West Hartlepool Rugby Football Club (nicknamed West) is an English rugby union club who play in Durham/Northumberland 1 in the seventh tier of the English rugby union system.

History
West Hartlepool Rugby Football Club was formed in 1881.
 Official Club History

Before the game turned professional, the club enjoyed several seasons in the Courage League and Allied Dunbar premiership during the 1990s before finally being relegated in the 1998–99 season. There followed a drop through the divisions over the next three years that took them out of the national leagues and into the regional leagues.

In the 1990s, when the club was at its peak positions they played at Brierton Lane. When the ground was sold they entered into one year ground share agreements, first with Hartlepool United Football Club at Victoria Park and then with Hartlepool Rovers RFC.

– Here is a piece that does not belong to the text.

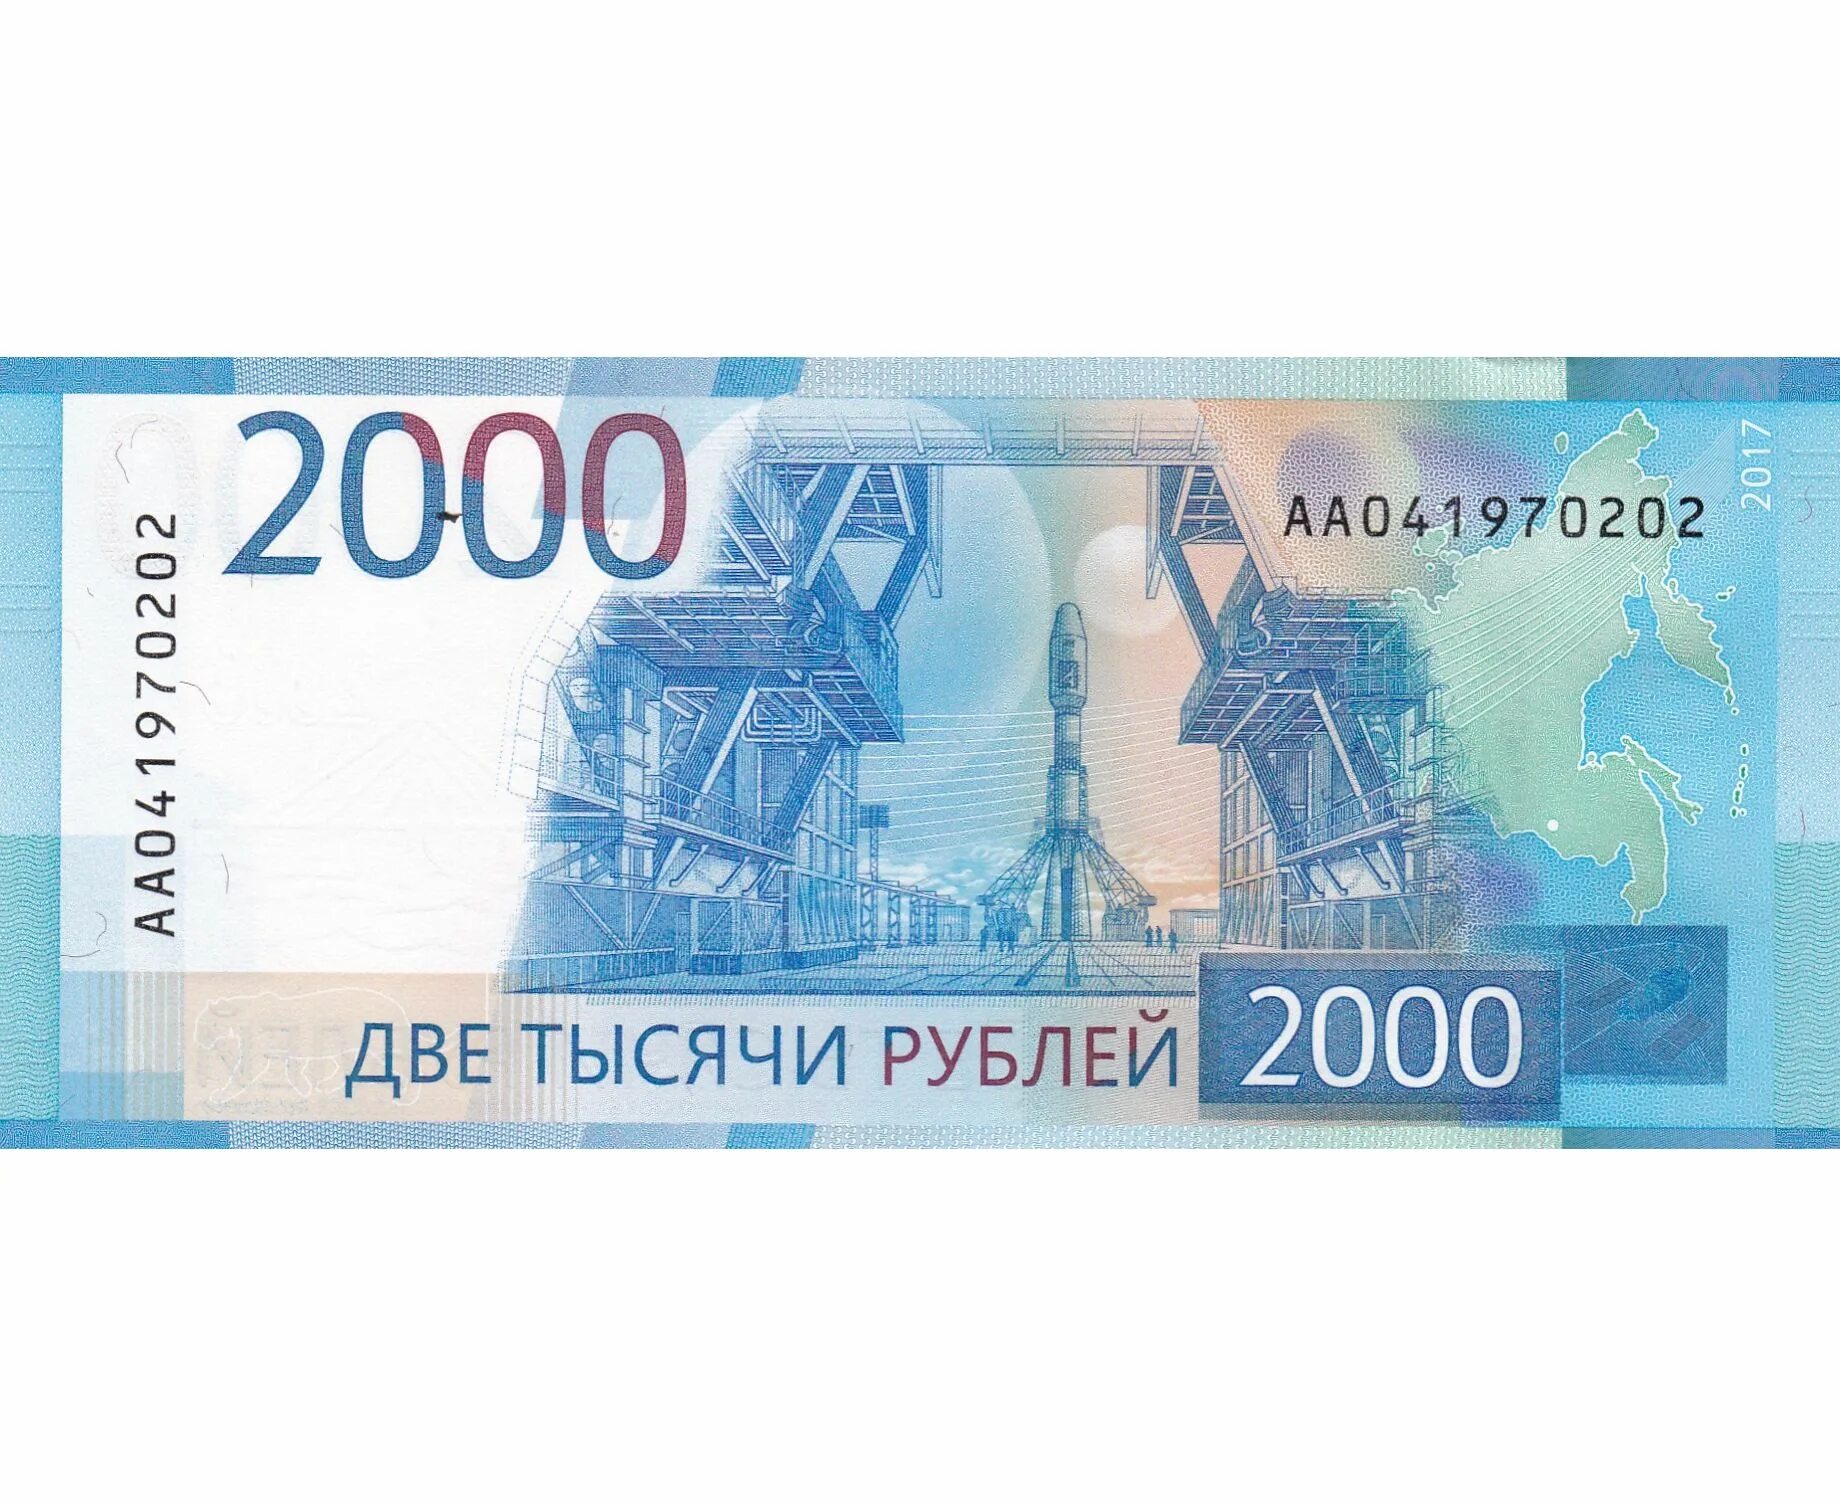 2000 Рублей банкнота. Купюры России 2000. 2 Тысячи рублей. Две тысячи рублей купюра.

The club's Junior Section then went on to play at West Hartlepool Technical Day School Old Boys RUFC (Tech) for a few years and in the early 2000s there was an agreement with the Hartlepool Sixth Form College for the whole club to play at Brinkburn which is located on Catcote Road.

Honours
 Durham Senior Cup winners (15): 1900, 1902, 1904, 1949, 1952, 1955, 1971, 1972, 1982, 1983, 1984, 1985, 1986, 1989, 2015  
 Courage National 3 champions 1990–91
 North Division 1 East champions (2): 2007–08, 2010–11
 Durham/Northumberland 1 v Yorkshire 1 promotion playoff winners: 2018–19

Club structure
West have two Senior Teams within the club.

 1st team
 2nd team (Stags)
 Vets Team
 Walking Rugby Team

International honours

Other international honours

Mini and junior

West have a very successful mini & junior set up with teams from Little Deers to under-18 with a large percentage going on to represent Durham County & The North.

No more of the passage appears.